Allright heres how i did it breifly:

rxn 1: C(s) + O2(g) ------> CO2(g)        Delta H1 = -393.51 KJ

rxn 2: H2(g) + 1/2O2(g) -----> H2O(l)  Delta H2 = -285.83 KJ

rxn 3: 2Na(s) + C(s) + O2(g) + 1/2O2(g) ----->Na2CO3(s)
Delta H3 = -1130.77KJ

rxn 4: 2Na(s) + H2(g) + 2C(s) + O2(g) + 1/2O2(g)----> 2NaHCO3(s)                                                  Delta H4 = -1901.62 KJ

Delta H'4 = 1901.62 KJ

adding these equations and cancelling common species gives the following net rxn:

2NaHCO3(s) - CO2(g) - H2O(l) --------> Na2CO3(s)

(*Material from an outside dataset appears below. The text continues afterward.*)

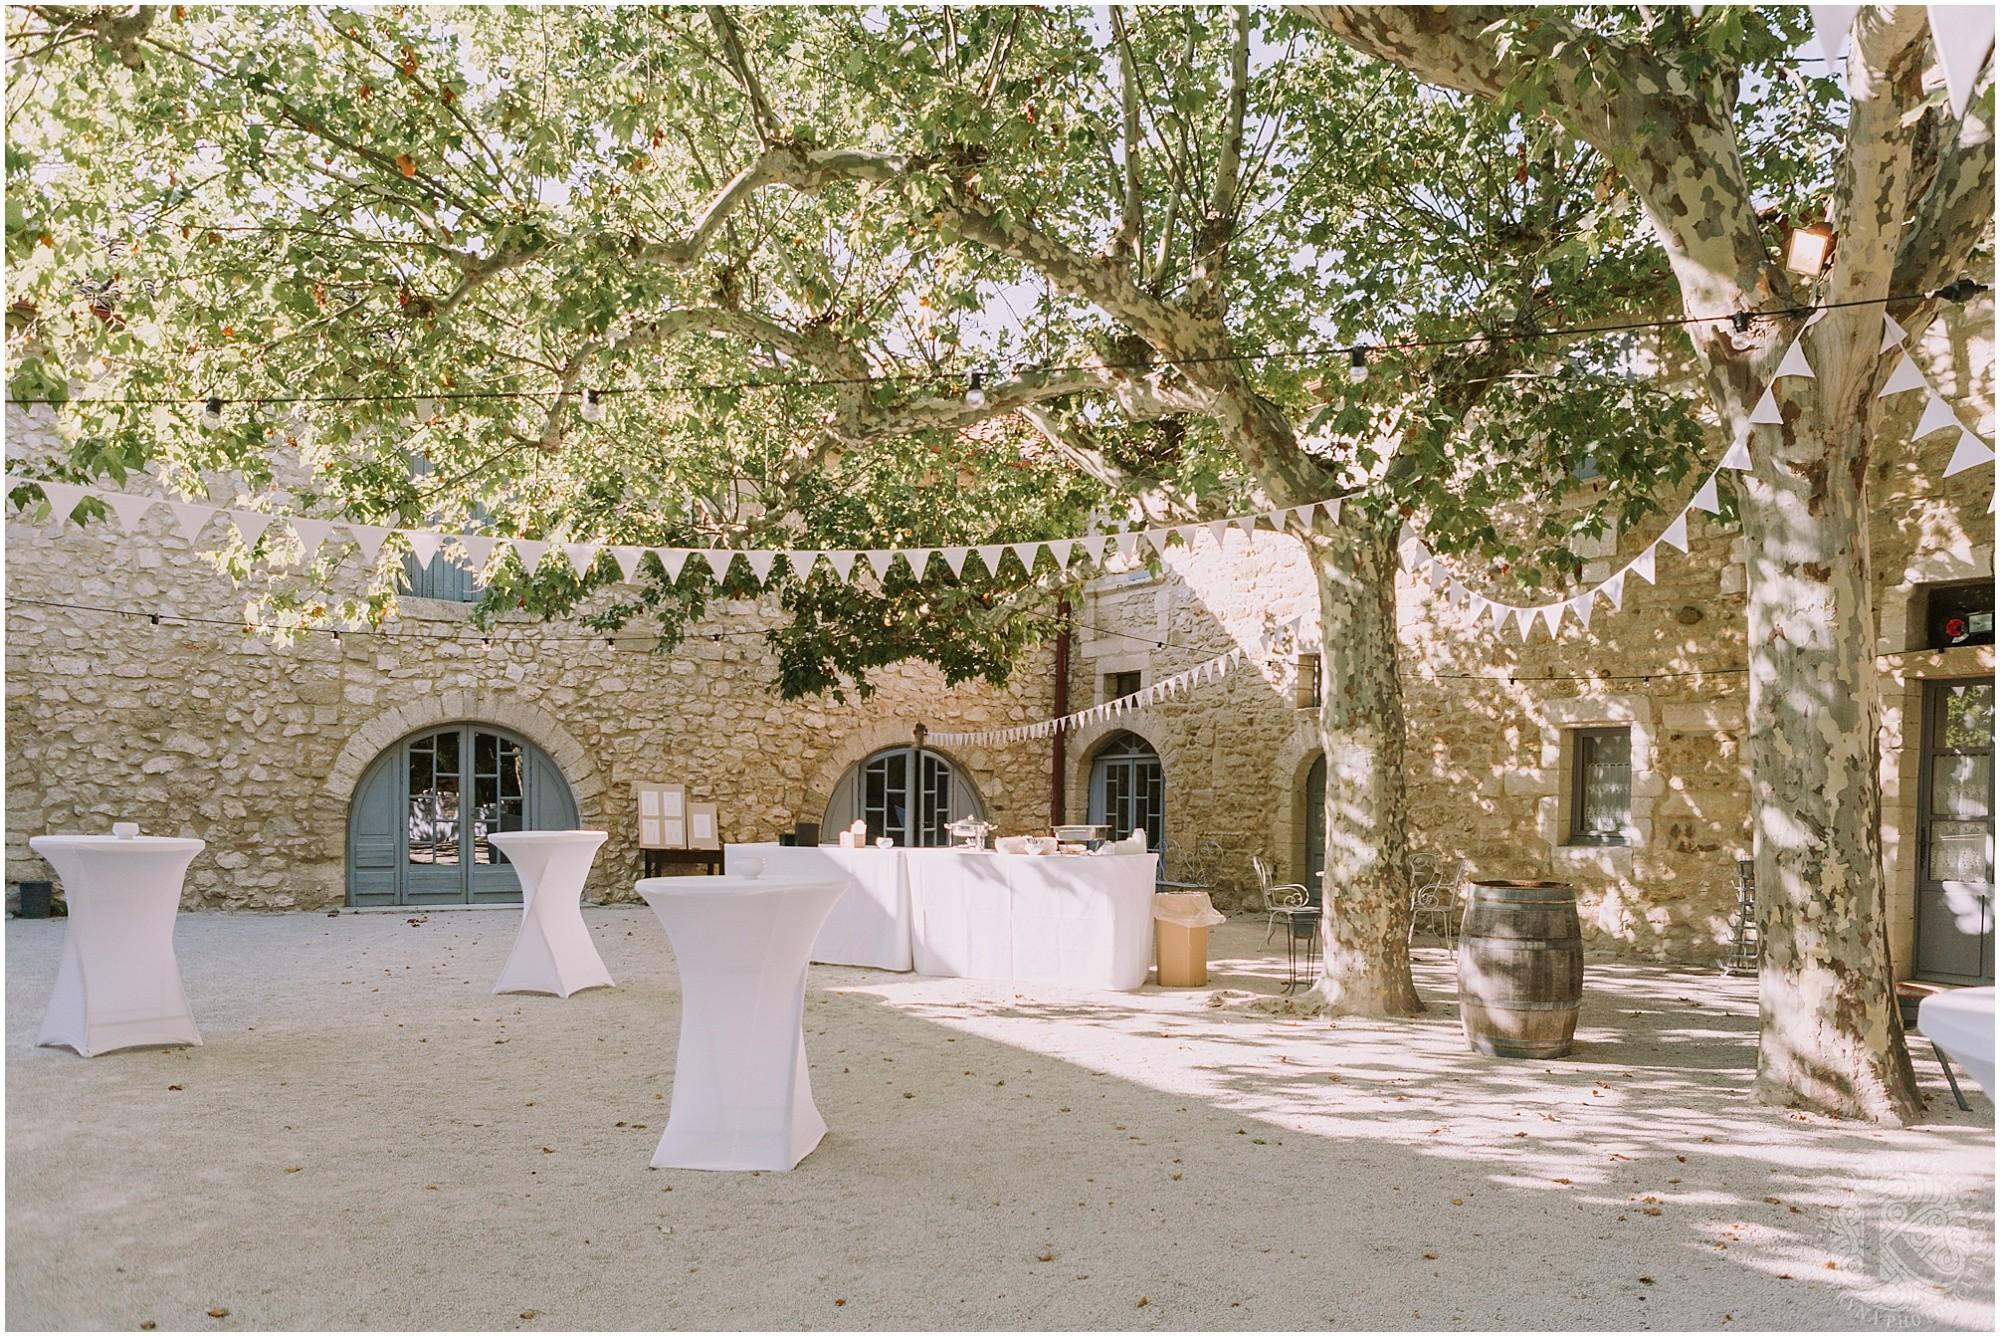 Kateryna-photos-photographe-mariage-vaucluse-provence-avignon-ferme-st-hugues_0056.jpg

Delta Hnet = Delta H1 + Delta H2 + Delta H3 + Delta H'4

= (-393.51KJ)+(-285.83KJ)+(-1130.77KJ)+1901.62
= 91.51 KJ

I was trying to calculate it directly from rxn4 (reversed) but although the reactant is the same, the products are not the same in the rxn which im looking for an enthalpy value for.

I cant beleive it, its actually sunk in!!